Work task: Go to the line containing "Красная роза с каплями" below; retype it and all following lines exactly, and leave out the pictures.

Information provided:
########################################

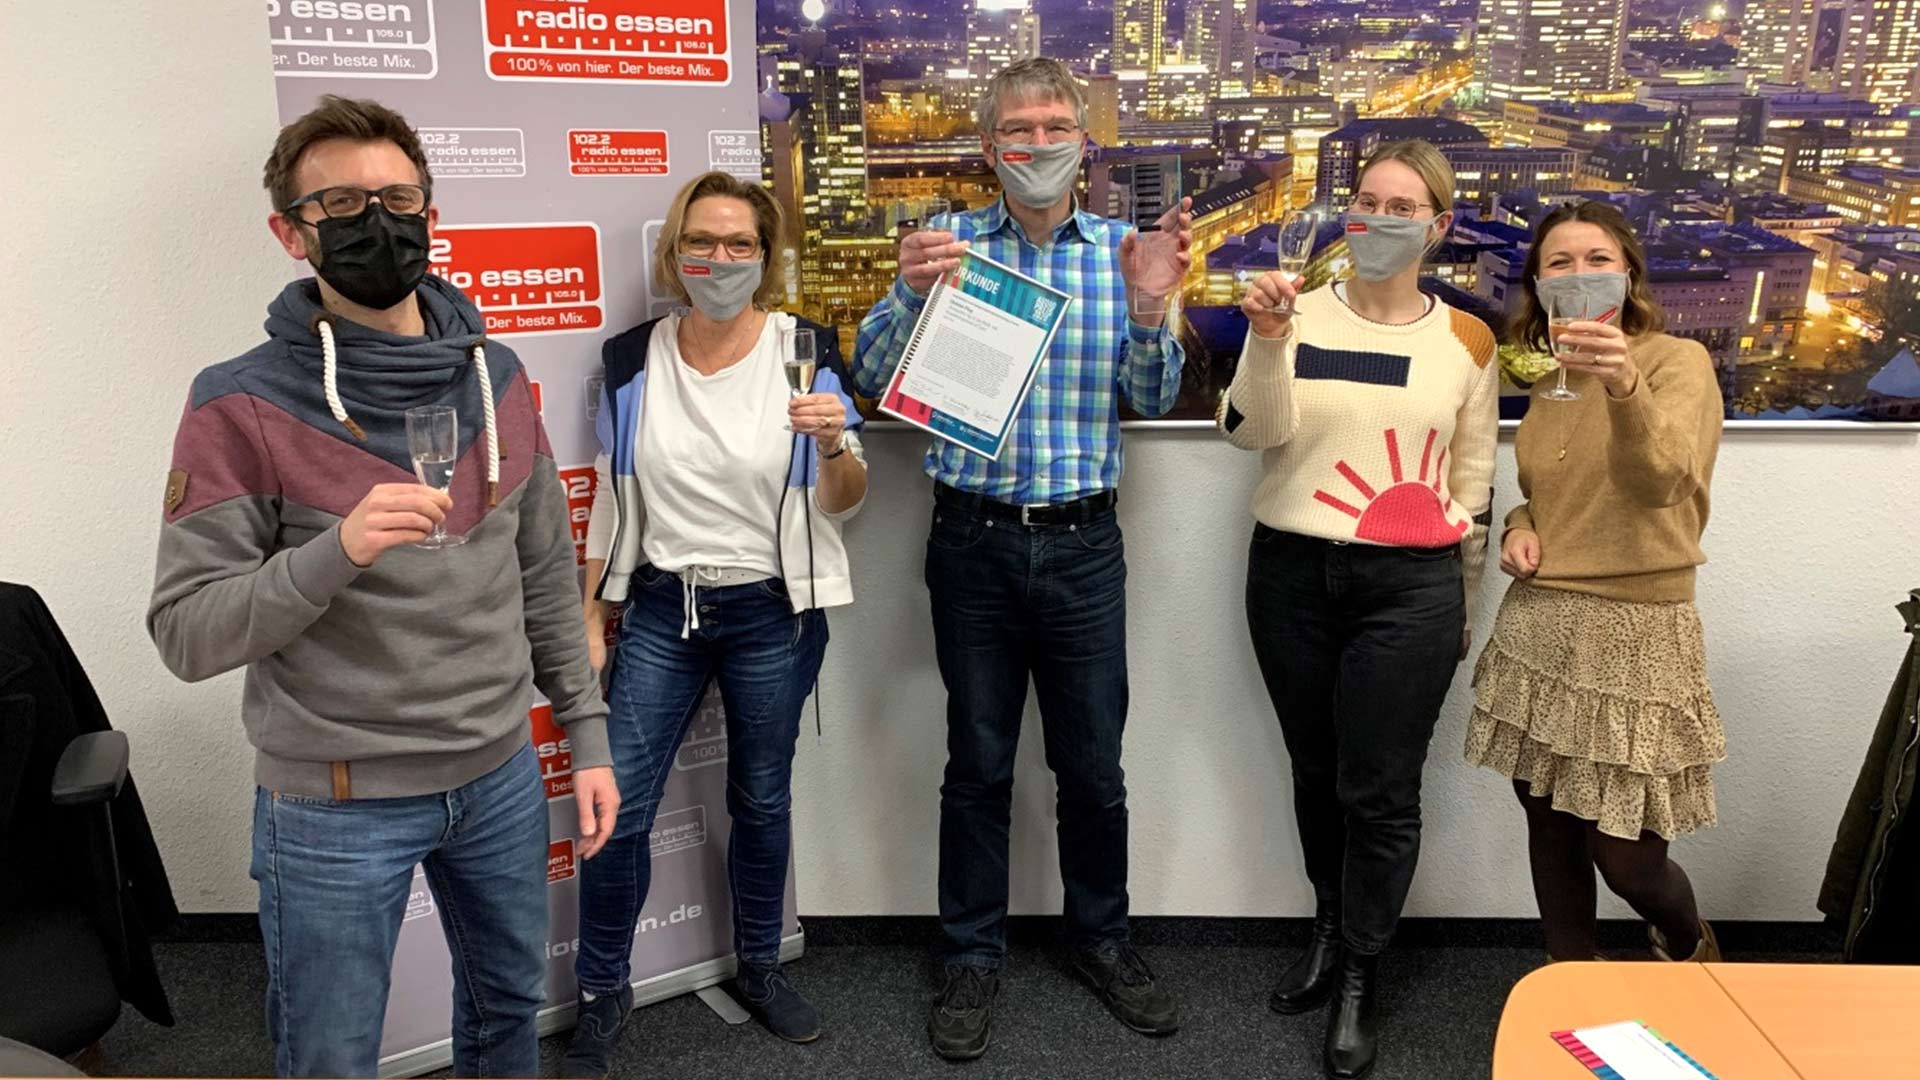 Chefredakteur Christian Pflug (Mitte) freut sich mit seinem Team von Radio Essen über den Audiopreis 2020 der LfM. Foto: Radio Essen
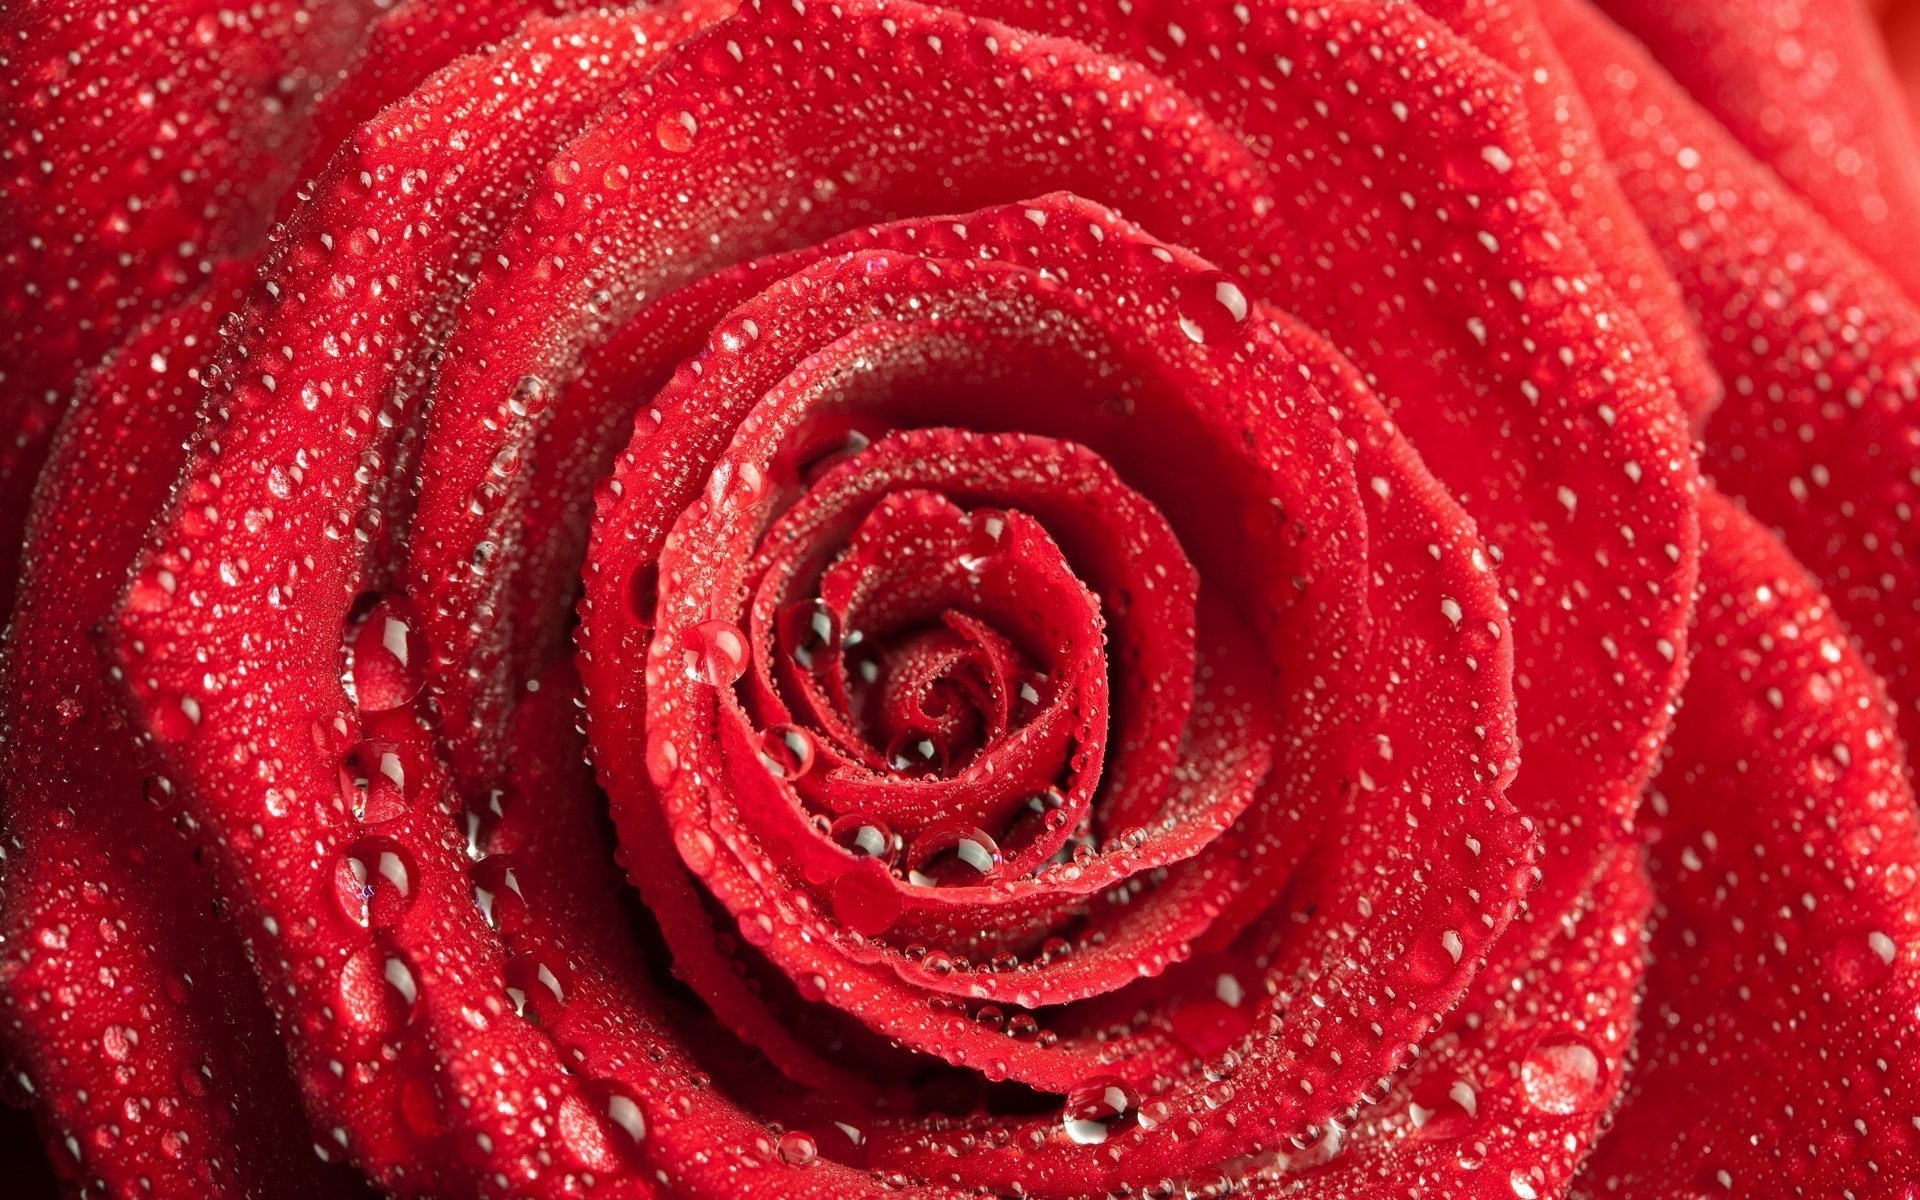 Красная роза с каплями
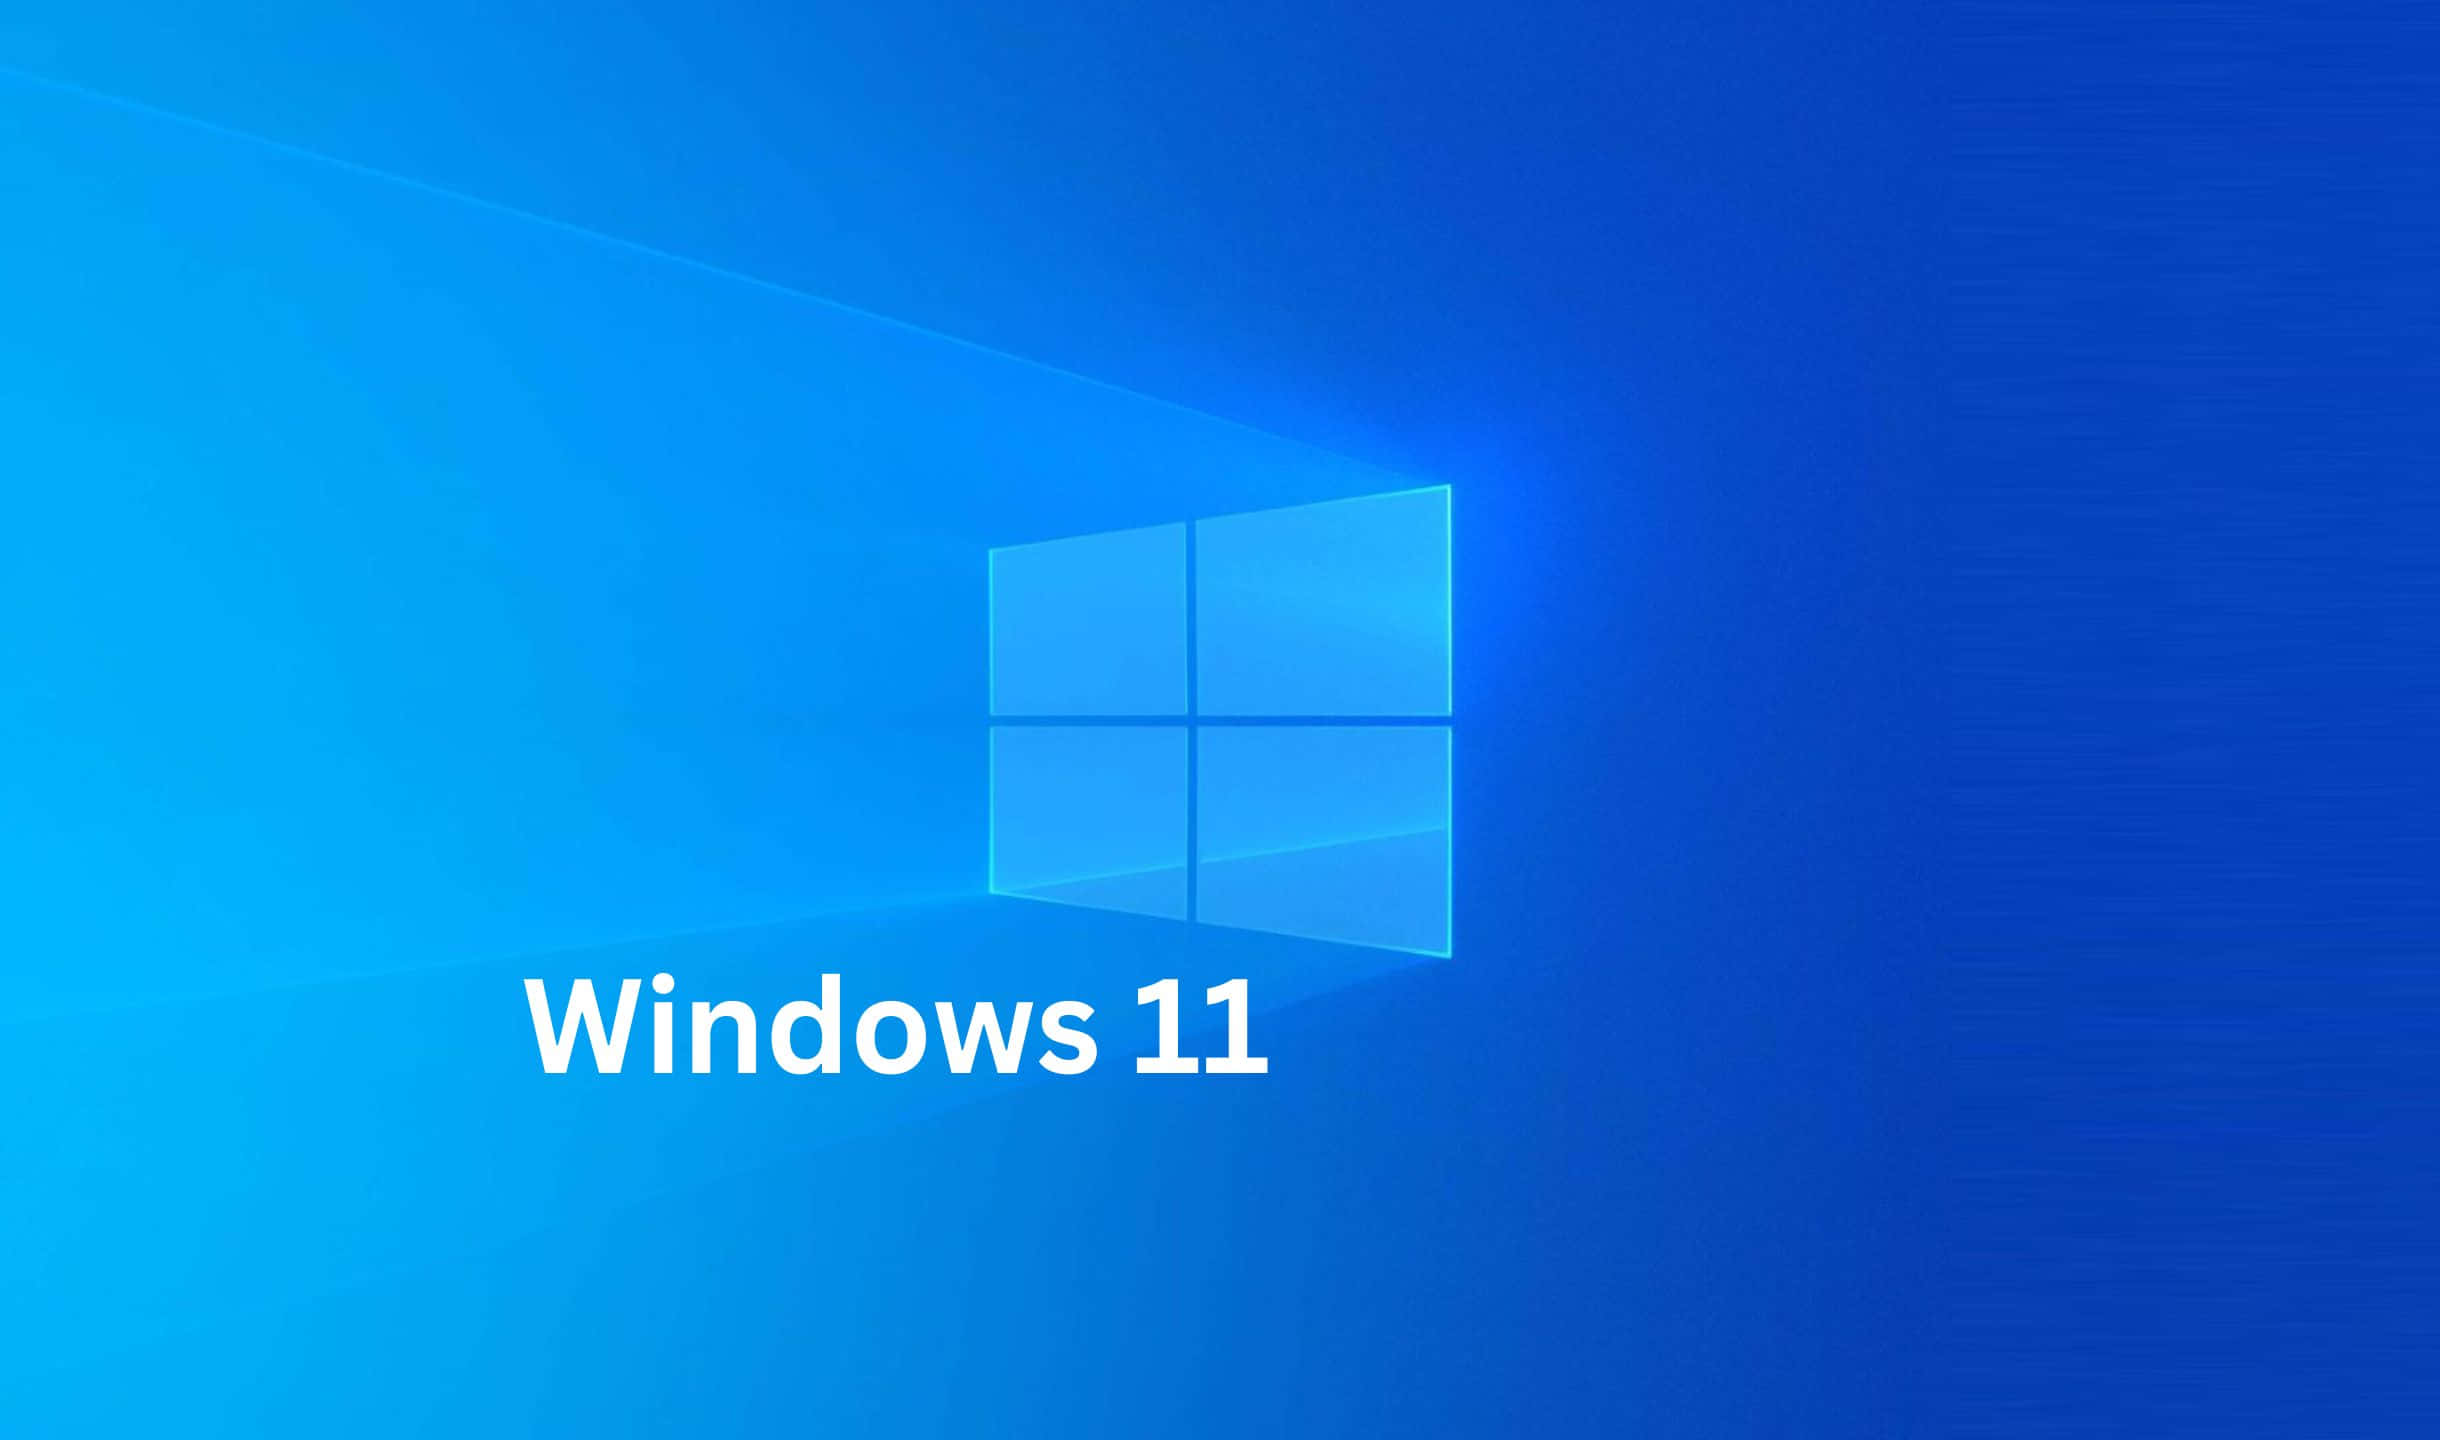 Neueund Aufregende Funktionen In Windows 11

########################################

Task response:
 Красная роза с каплями
 Neueund Aufregende Funktionen In Windows 11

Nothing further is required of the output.